Algebraic fractions are similar to the fractions we know from arithmetic, but they contain variables along with numbers. Just like numerical fractions, they consist of a numerator and a denominator. In the given exercise, our initial algebraic fractions are \(\frac{5}{3x-2}\) and \(\frac{6}{4x+5}\). Each fraction represents a part of a whole, divided by its respective denominator.

• Handling algebraic fractions often requires finding the LCD to simplify operations like addition or subtraction.
• To work with these fractions effectively, we need to align their denominators, making calculations straightforward.

By multiplying each fraction by a form of one (in this case, the other fraction's denominator divided by itself), we achieve a common denominator and can proceed with addition.

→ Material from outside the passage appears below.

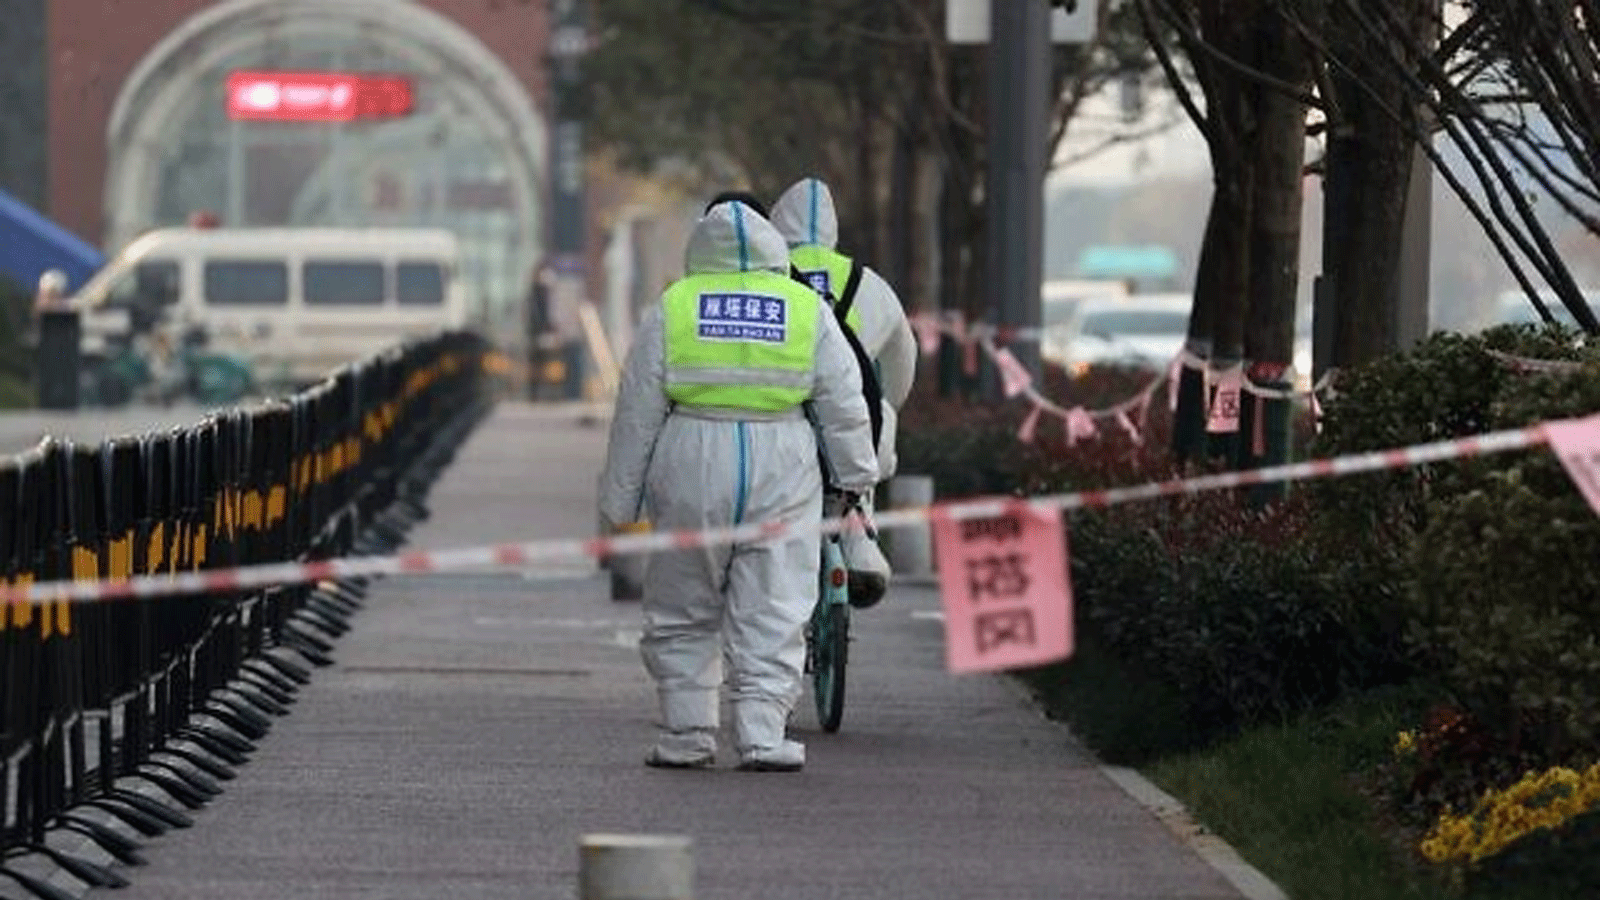 حراس الأمن يسيرون في منطقة خاضعة للقيود في أعقاب تفشي فيروس كورونا الأخير في مدينة شيان بمقاطعة شنشي شمال الصين في 22 كانون الأول\ ديسمبر 2021

Simplifying expressions is a vital step in solving algebra problems, ensuring that the answer is as neat and concise as possible. After finding a common denominator and aligning the algebraic fractions, we focus on simplifying the resulting expression. Simplification involves various steps, including distributing, combining like terms, and checking for common factors. In our exercise, after combining the fractions over a common denominator, we had the expression \(\frac{38x + 13}{(3x - 2)(4x + 5)}\). Here, simplification meant verifying whether the numerator, \(38x + 13\), had any common factors with itself or with the denominator. Since there were no common factors, the expression was already simplified.

• Always look to simplify your expressions as a final step.
• Simplifying can sometimes reveal an answer that appears more complex at first glance.

Remember, the goal is to make the final expression as simple and as easy to understand as possible.